Hey all – Rachel here!
I have spent the last year talking with lots of artists who are making amazing things with Raspberry Pis. Every day my inbox is PINGing with exciting progress news. So I’m going to start showcasing some of these projects on the blog. I find them incredibly inspiring – I hope you do too!
I’m going to kick off with a piece from one of my favourite artists: Dominic Wilcox. I bet you’ve seen some of his work kicking around the internet – He made the GPS shoes which guided you home and did some narrative sculptures inside watch faces.
This time he’s partnered up with Creative Technologist James Rutherford to produce Binaudios; a device that enables the user to listen to the sounds of the city – at the moment it’s installed in the Sage Gateshead music discovery centre.
Taking tourist binoculars as inspiration, the Binaudios can be pointed at over 40 different locations, seen out of the Sage Gateshead windows. Turn the giant listening cones toward the football stadium to hear the crowd chanting or to the Tyne Bridge to hear King George V’s speech when he opened the bridge in 1928. Point it toward the park to listen to sounds such as skateboarders and local tennis players.
As the Binaudios are rotated the stereo sounds move from one ear to the other creating a real feeling of listening to the city across the river.
I’ve met loads of ‘Creative Technologists’ on my travels. They believe creativity and art are the driving forces behind the technology they make.
James describes his work as “somewhere between code and art”. He mainly creates software; developing visualisations, data tools or games.
Binaudios was his first Raspberry Pi project AND first go with Python! Just for you guys, he has very kindly written up how Binaudio is put together:
How Binaudios works:
Although Binaudios was developed to look like an analogue device, there’s a small selection of electronics concealed within the central wooden box. A USB lead runs up the central column, powering a Raspberry Pi. This is connected to speakers within the metal cones and a USB hub. The hub adds some extra flash memory and has a couple of ports for attaching a keyboard and mouse for debugging.
Dominic recorded a selection of sounds from across Newcastle. I load these when the device boots. There are around 40 of them, spread across the 180 degree range of movement provided by the ear-cones.

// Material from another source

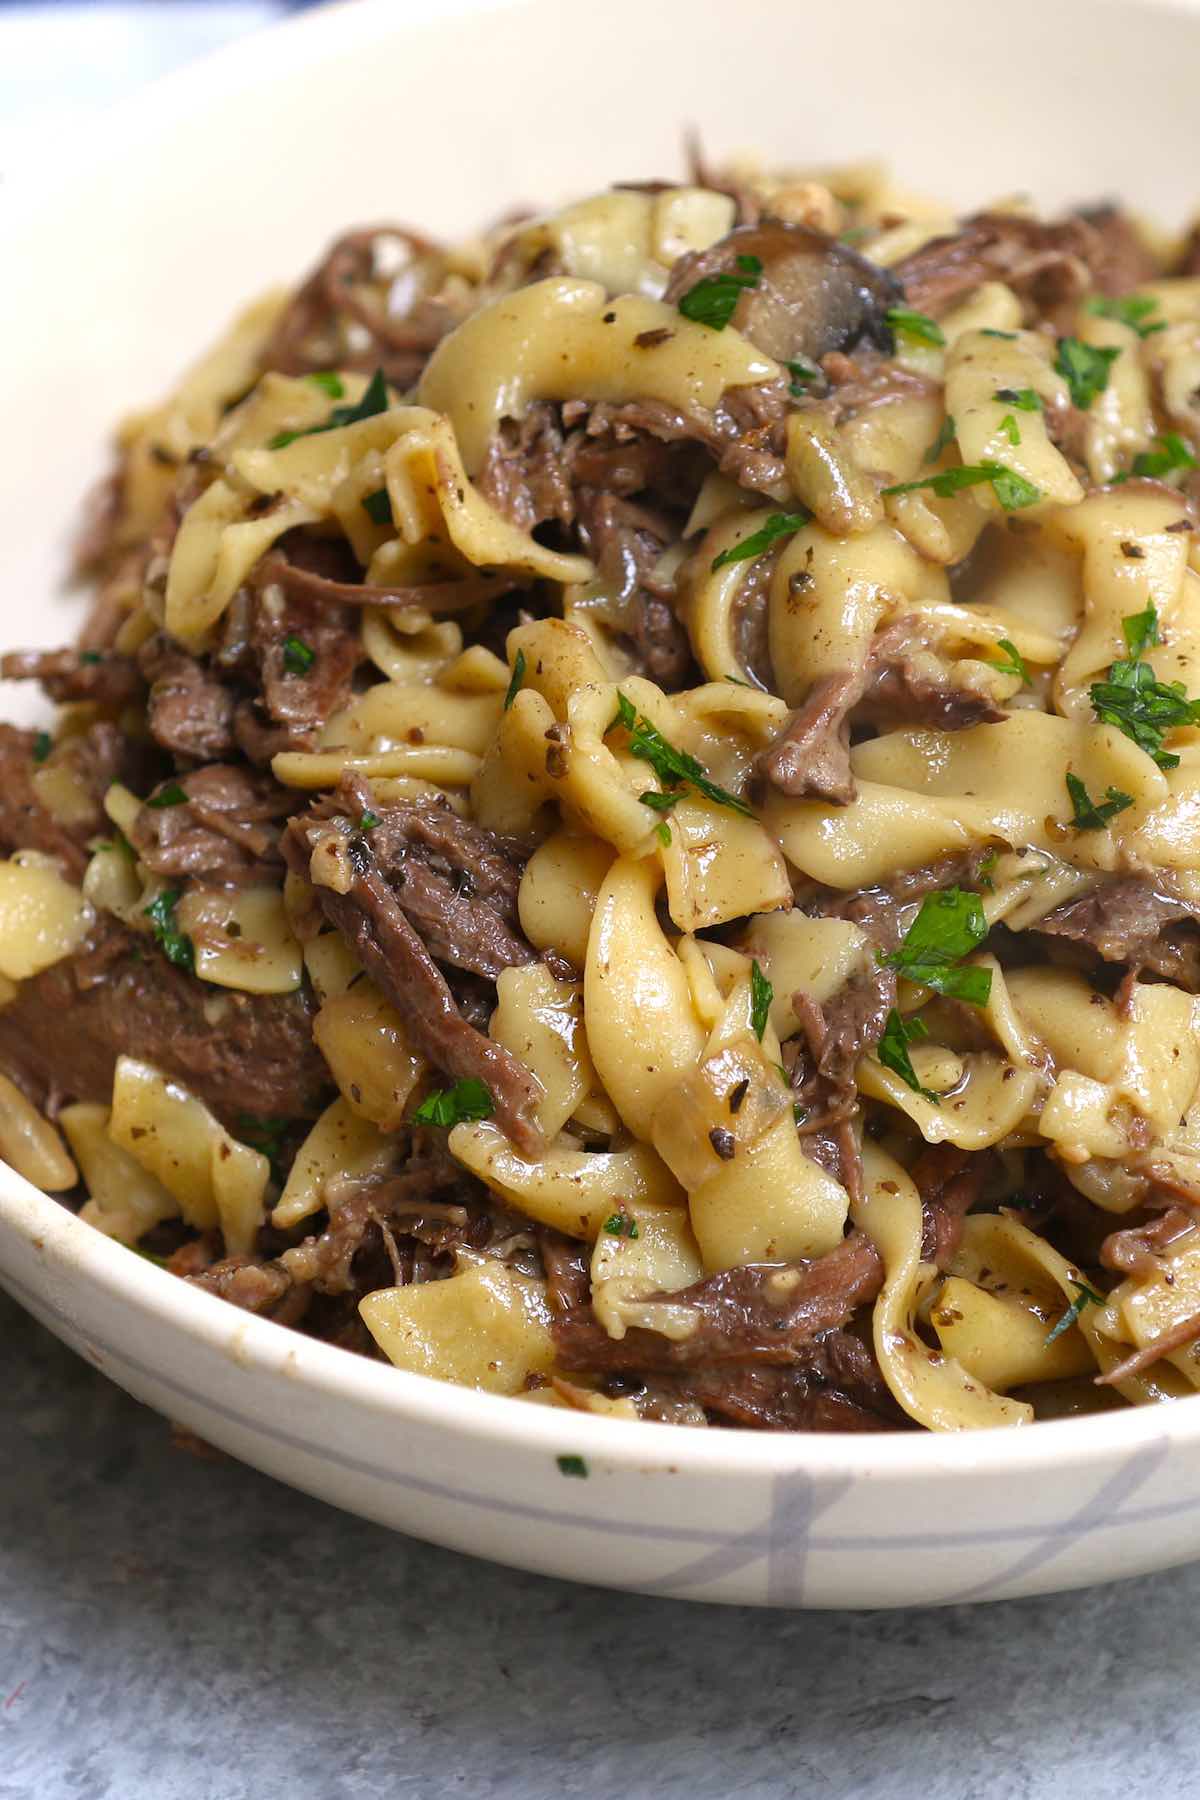 Tender and comforting Beef Tips and Noodles are the perfect dish to serve for a Sunday dinner with the family. The beef is simmered low and slow in a creamy sauce and it’s served on a bed of egg noodles. All you need is a side of steamed broccoli or asparagus for a hearty and satisfying meal.

The Pi has a PiBorg XLoBorg sensor attached to the GPIO port. The XLoBorg returns a 3-axis reading of the magnetic field at a point. The Python script very roughly converts this into a compass heading (to do this properly is extremely complicated- so this is a bit of a hack). I spread this heading into two angles a couple of degrees apart to fake some left/right ear separation, pick the sound clips within a small range of these and assign some volumes. The volume profile drops-off over a few degrees which produces a naturalistic ‘telescope’ focus effect. The left/right separation also enhances this as the unit is turned.
The rest is all about smoothing. I debounce the output of the XLoBorg (it has a slight natural waver), ensure volume levels are adjusted gently (audio buffering can cause the sound to chop otherwise, which is very unnatural) and keep the sounds playing even when they are a few degrees out of audio range (this means that sounds don’t necessarily need to restart from the beginning when they are back in ‘view’).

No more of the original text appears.